Help with File Slow Processing

srattani · June 27, 2011, 5:30pm

Hello,

Hope you are doing fine. Let me describe the problem, I have a script that calls another script K2Test.sh, this script K2Test.sh (created by another team) takes date as argument and generates approx 1365 files in localcurves directory for given date.

Out of these 1365 I am only interested in 133 files, so I have created a list of file names (ZEROCURVEFILES as below) that we need to process.

I loop through these 1365 files (`ls $localcurves` as below) and check if file name is in 133 file list (ZEROCURVEFILES ) and if it is then I process the file by reading it line by line.

It seems it takes too long just to process 133 files, am I using some in-efficient code below? is there a way to process it faster? is it slow because I open and read 133 files line by line?

I need to run this script for 400 days which means I would be looping 400 * 1365 times i.e once per day and and for each day process 133 file.

I would really appreciate any help to help make it faster.
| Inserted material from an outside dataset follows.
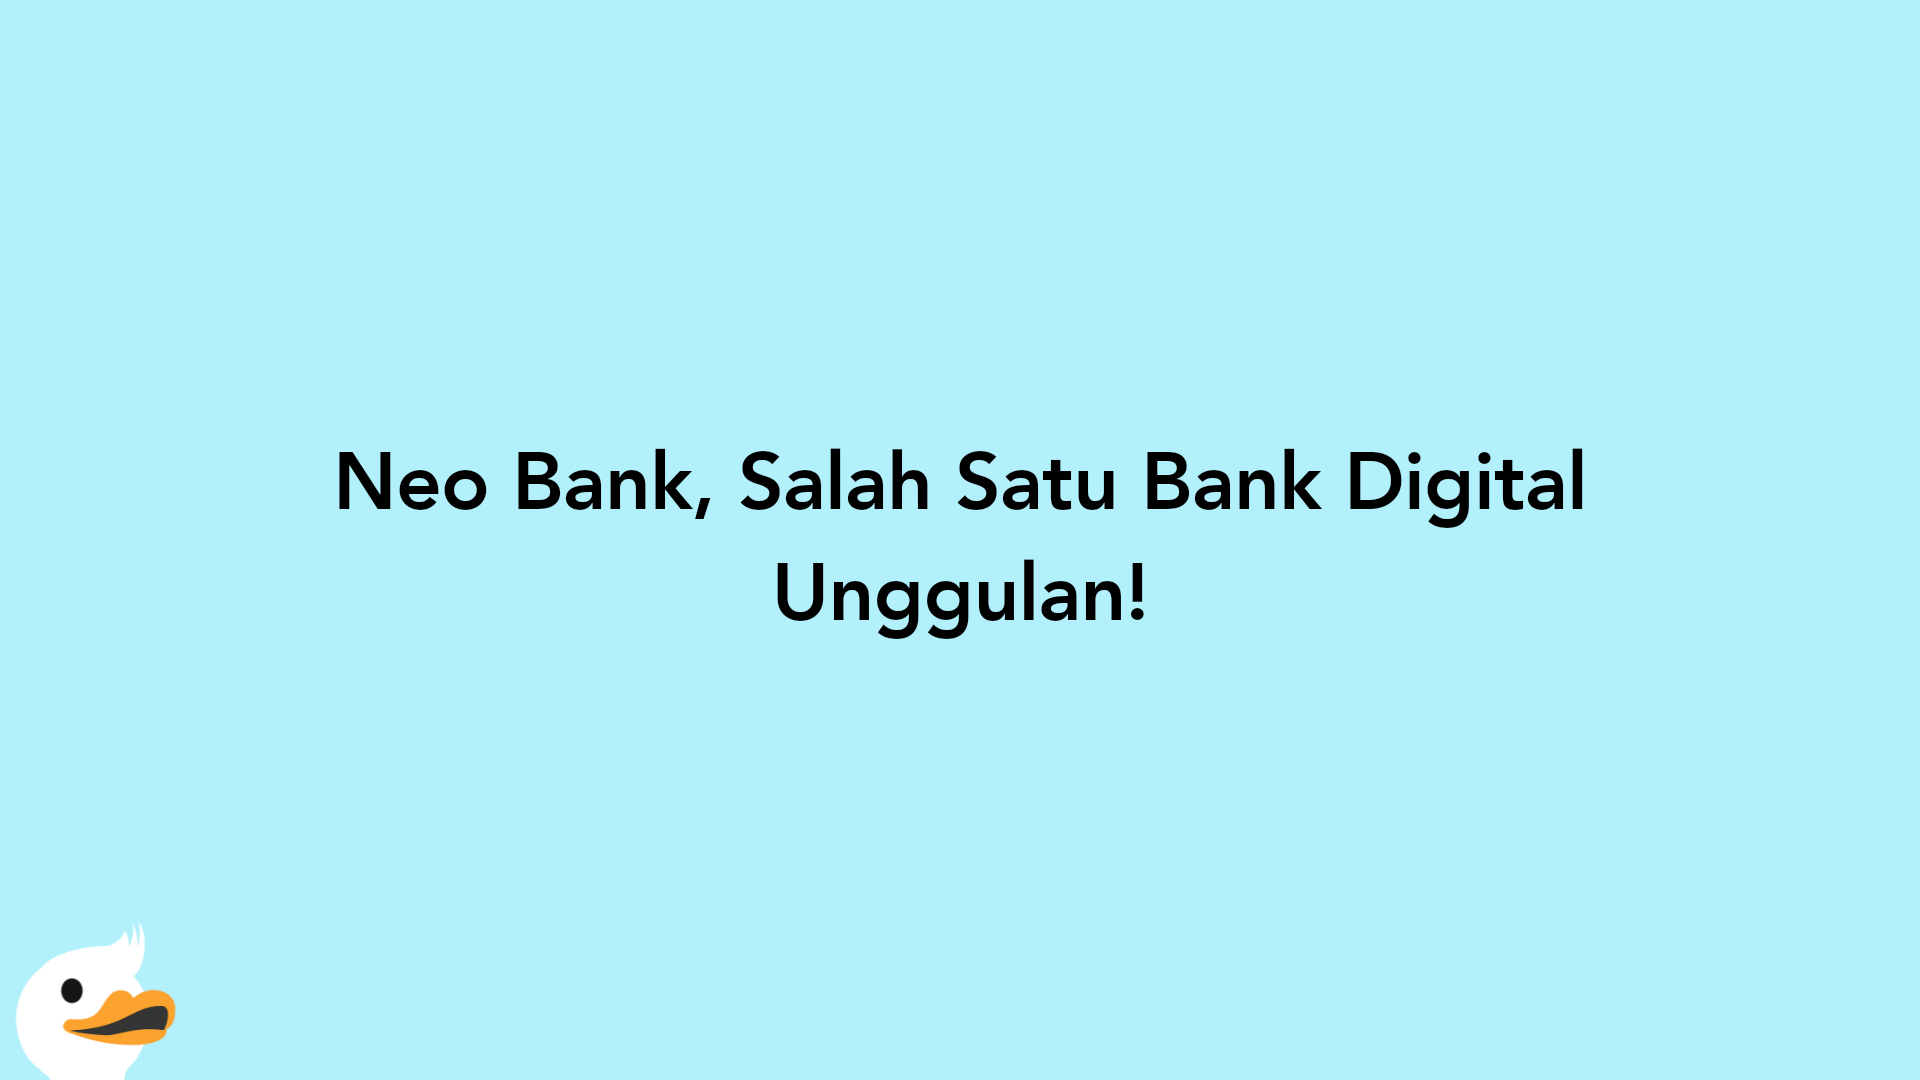 Neo Bank, Salah Satu Bank Digital Unggulan!

Here is the code, I know it is too much code, please let me know if something in script.

#!/bin/sh
#e.g. 20110627 (june 27 2011)
currdate=$1
#e.g. 20100310 (march 10 2010)
enddate=$2

#directory where 1365 files get generated
localcurves="/home/sratta/feds/localCurves/curves"
outputdir="/home/sratta/curves"
#output fileto be generated
OUTFILE="/home/sratta/ZeroCurves/BulkLoad.csv"
touch $OUTFILE

# List of 133 curve file names
ZEROCURVEFILES="saud1-monthlinmid \
saud6-monthlinmid \
.....
suvruvr_usdlinmid \
szarzar_usdlinmid "

#Loop until currdate is not equal to enddate (reverse loop)
while [ $currdate -ne $enddate ]
do

  #Call K2test.sh which generates 1365 files for a given date in $localcurves directory
 ./K2test.sh $currdate
 filesfound=0

#Loop through the 1365 files generated by K2test.sh in $localcurves directory
 for FILE in `ls $localcurves`
 do
  filesfound=1
  #Check if the filename is one of the 133 files we want?  If it is only then process otherwise ignore
  zerocurvefile=`echo cat $ZEROCURVEFILES|grep $FILE`

  # If file is in the list then process it
   if [ "$zerocurvefile" != "" ]
   then
    echo "Processing $LOWERCASEFILE.$currdate file"
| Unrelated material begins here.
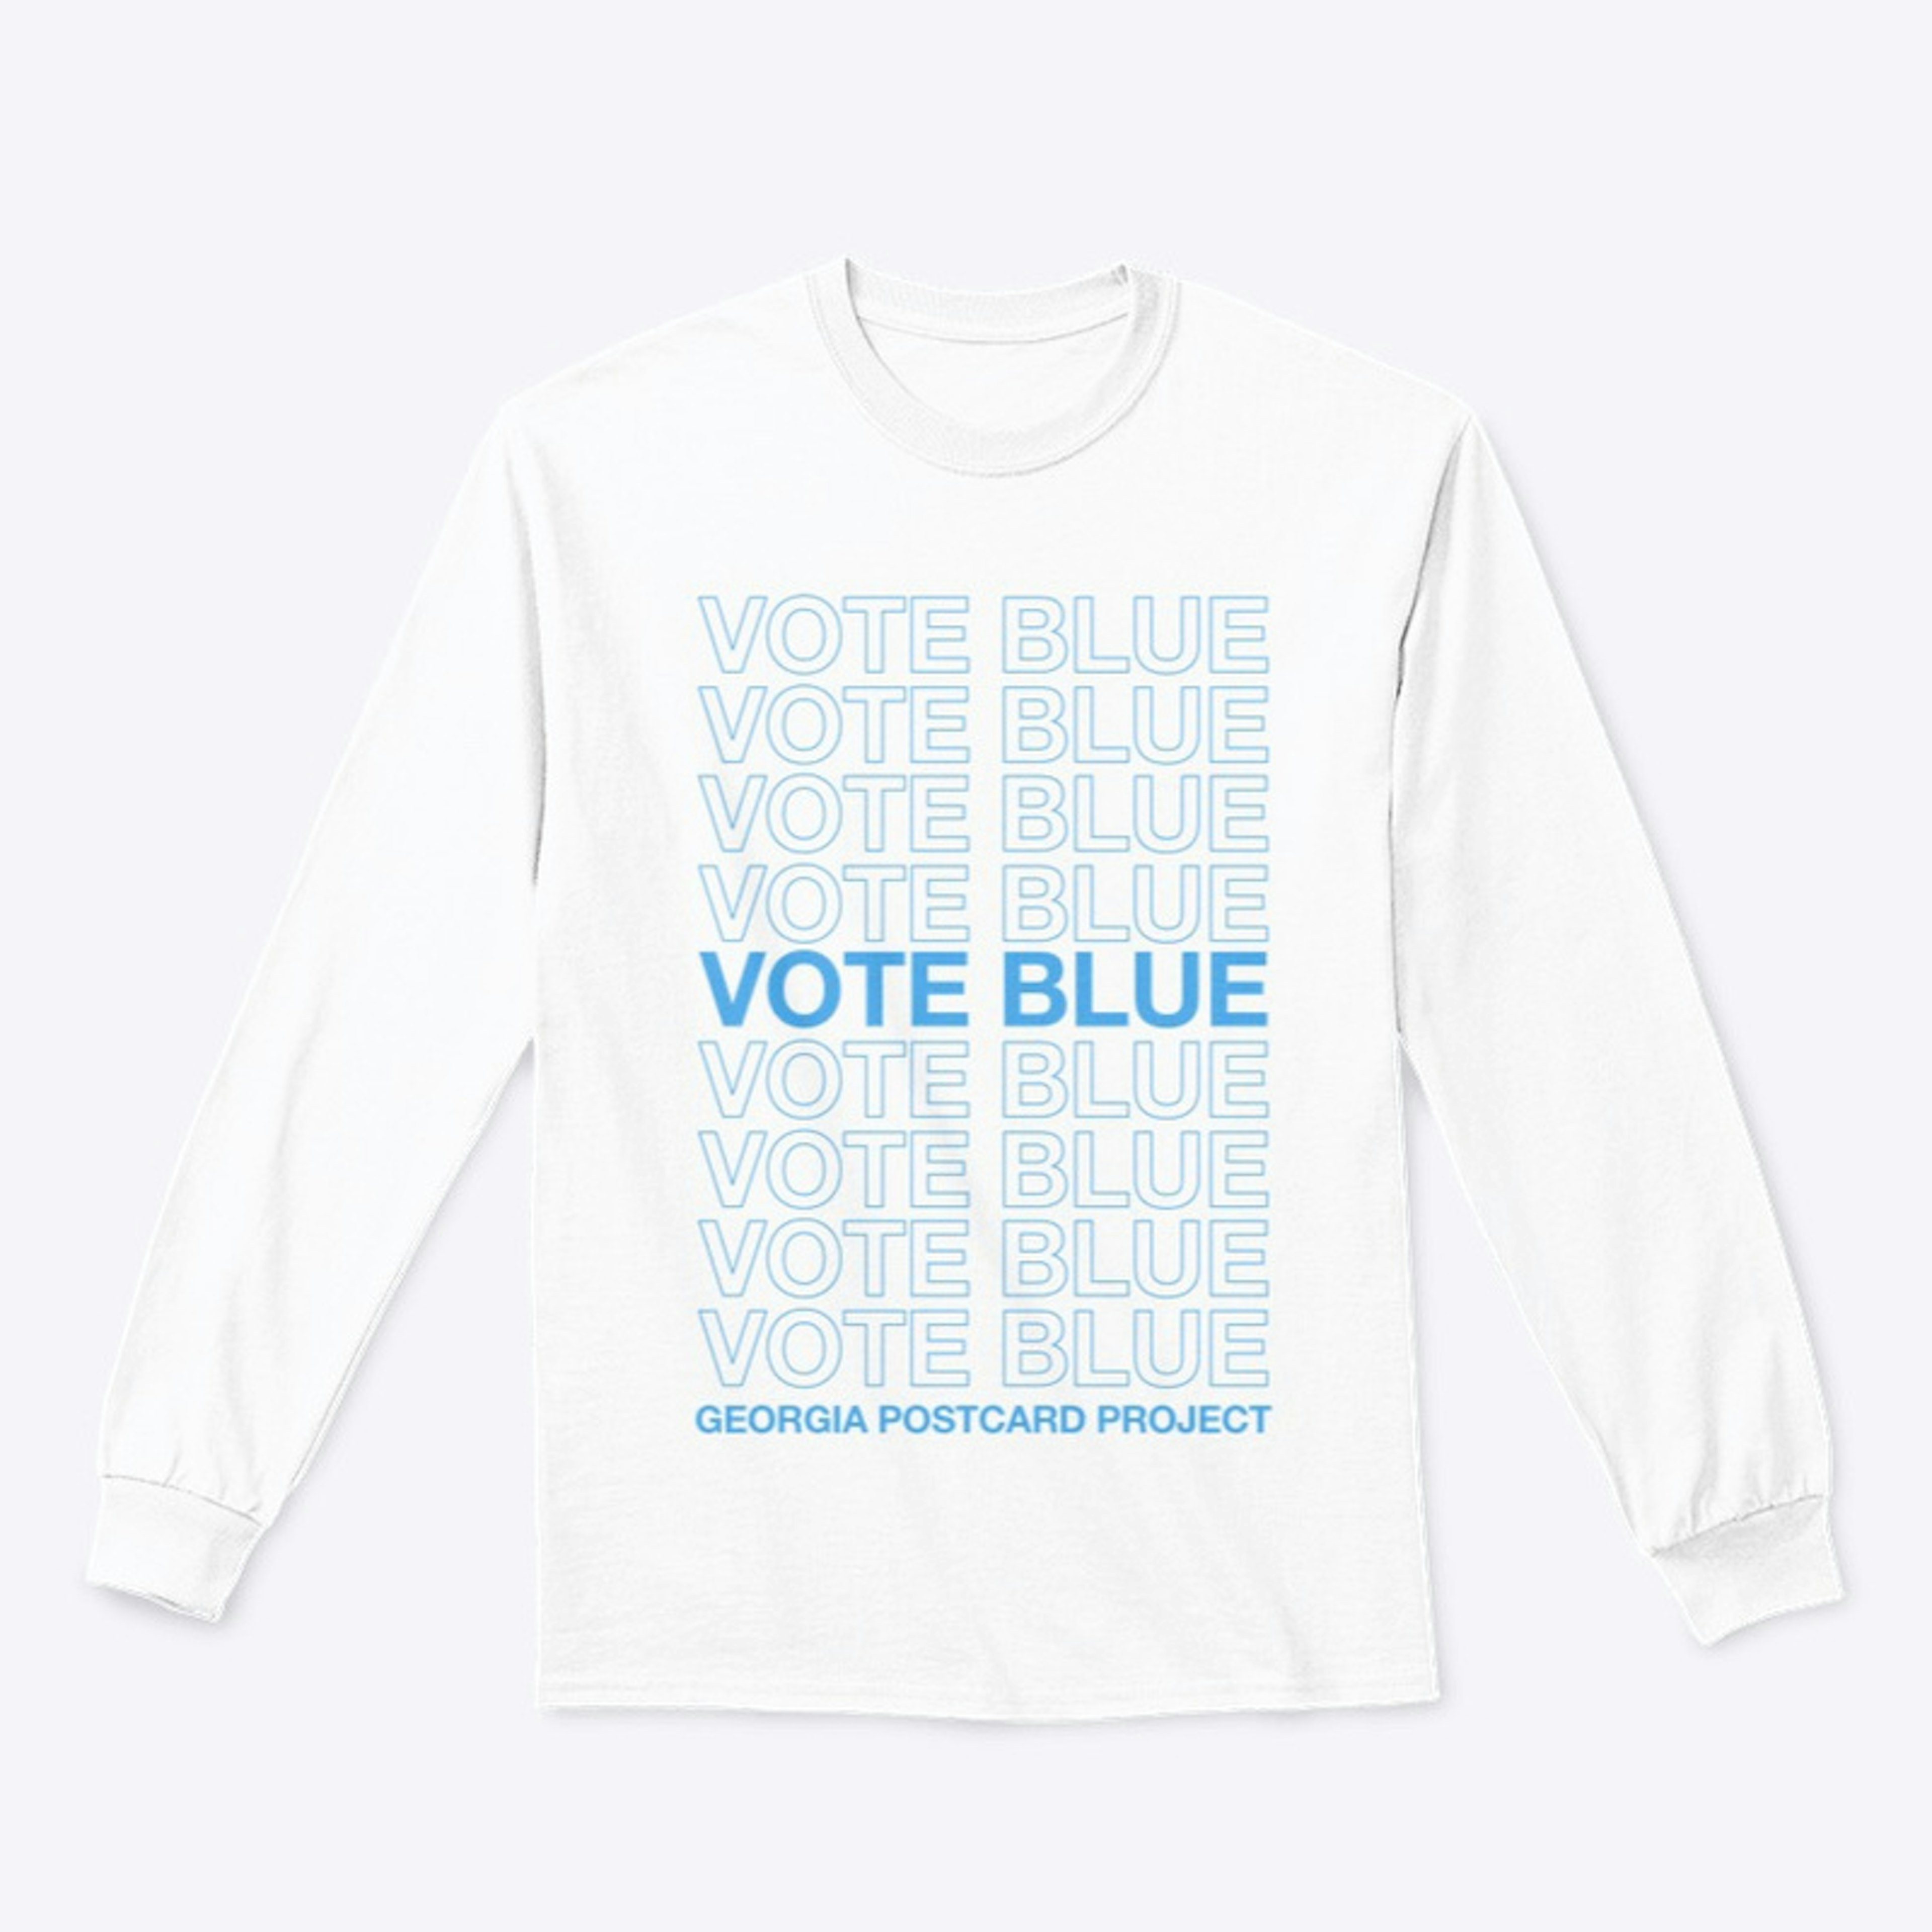 VOTE BLUE - Classic Design

  #THIS PROCESSING IS SLOW LINE BY LINE
   exec 3<&0
  #Open the file
   exec 0<"$localcurves/$FILE"
   cnt=0
   rowstoprocess=0
  #Read file line by line
   while read line
   do
    cnt=`expr $cnt + 1`
    # First line in file contains number of records to process
    if [ "$cnt" -eq "1" ]
    then
     numheadrecords=`echo $line | awk '{FS=""}{print $1}'`
     rowstoprocess=`expr $numheadrecords + 2`
     echo "Total Number of Rows in header for $LOWERCASEFILE.$currdate is: $numheadrecords"
    fi
    
    if [ "$cnt" -gt "1" ] && [ "$cnt" -lt "$rowstoprocess" ]
    then
     julianmdate=`echo $line | awk '{FS=" "}{print $1}'`
     rate=`echo $line | awk '{FS=" "}{print $2}'`
     mdate=`echo $line | awk '{FS=" "}{print $4}'`
     # extract certain columns and put the data into out file
     echo "$LOWERCASEFILE,$currdate,$julianmdate,$rate,$mdate" >> $OUTFILE
    fi
    
   # If we have processed number of records as in first line then break the loop
    if [ "$cnt" -eq "$rowstoprocess" ]
    then
     break
    fi
   done
   exec 0<&3
  fi
 done
 
#Subtract 1 day from currdate (reverse loop)
 currdate=`./shift_date $currdate -1`
done

methyl · June 28, 2011, 8:25am

What Operating System and version are you running?
What Shell is /bin/sh on your computer?
How many lines are processed from the 133 files? Is it definitely not the whole of each file?
Does the script work?

What are these lines for? Is there a local reason for these complex redirects?

There is great scope for efficiency in this script but let's get a feel for the environment and the size of the data files first.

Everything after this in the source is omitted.